Interpreter
Consider JVM interpreter as a script reader that reads .class files. Similar to how bash reads shell scripts line by line and executes them, JVM interpreter reads the byte code instructions one by one and executes them.
JVM is essentially an infinite loop that keeps reading byte code instructions and the code then has a big switch case that executes the instruction based on the opcode.
When the code is compiled, the compiled code is just an array of instructions. This array is what the interpreter reads one by one and executes.
Interpreter isn't efficientβ
Interpreter always uses more memory since it works using local variable array and operand stack. Also, the execution is slower since each instruction is read one by one and corresponding native code is executed.
But this is needed for simplicity and portability reasons. By maintaining its own stack and local variable array, it doesn't have to worry about registers. Also, byte code is smaller when it just has to maintain stack operations instead of register operations.
By using stack, the byte code instructions are smaller since they don't have to specify registers.

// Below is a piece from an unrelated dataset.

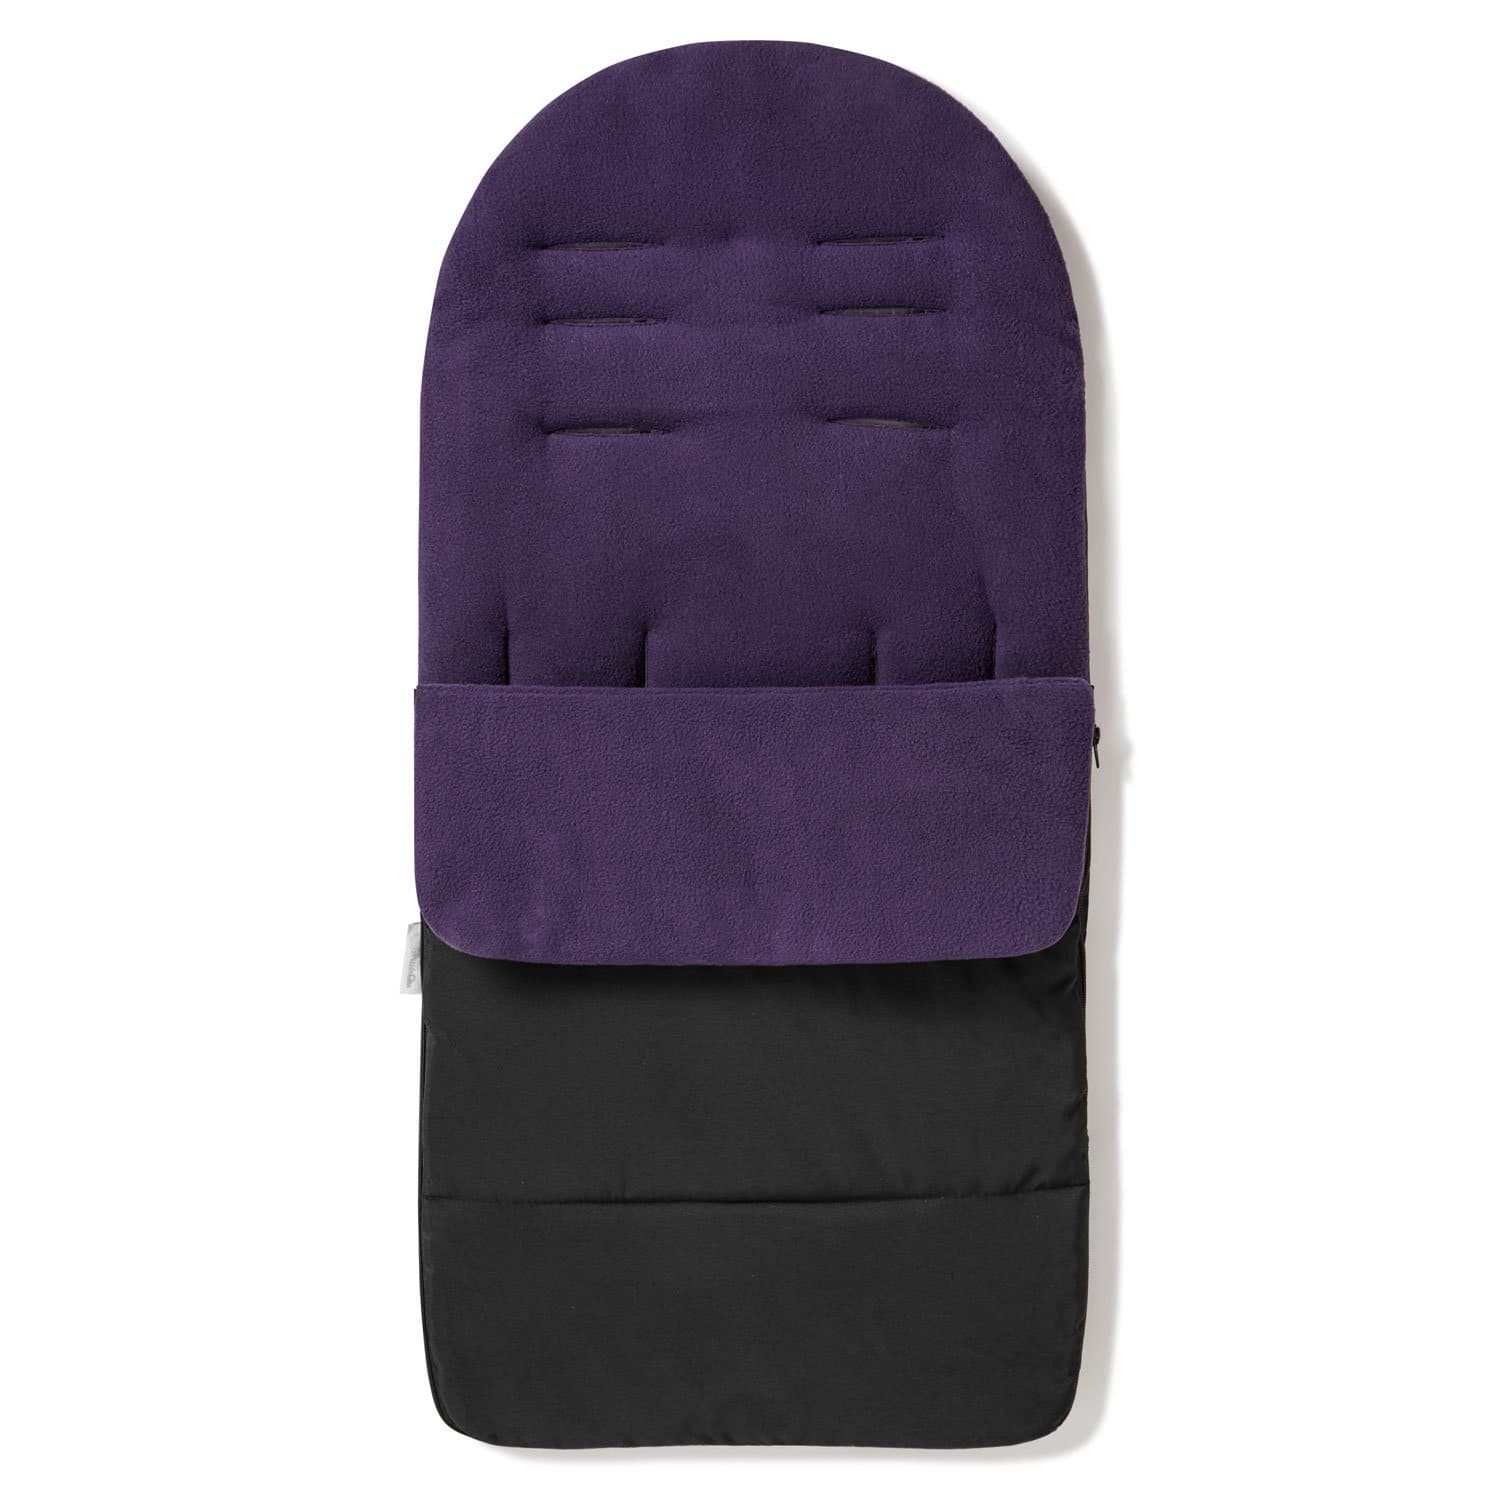 Premium Footmuff / Cosy Toes Compatible with Gesslein - Plum Purple / Fits All Models | For Your Little One

For example, when we say iadd, we don't specify the operands.
It's implied that the operands are on the top of the stack.
We never pass any operands to it.
Handover between application code and interpreterβ
When JVM is started, it will look for the byte code of the main class and start executing it.
There is no handover between the application code and interpreter. The interpreter will keep reading the byte code instructions of the main class and execute them one by one.
When interpreter is running, there is no application code running. The interpreter is the code that's running and it's executing the native code instructions mapped to every application byte code instruction.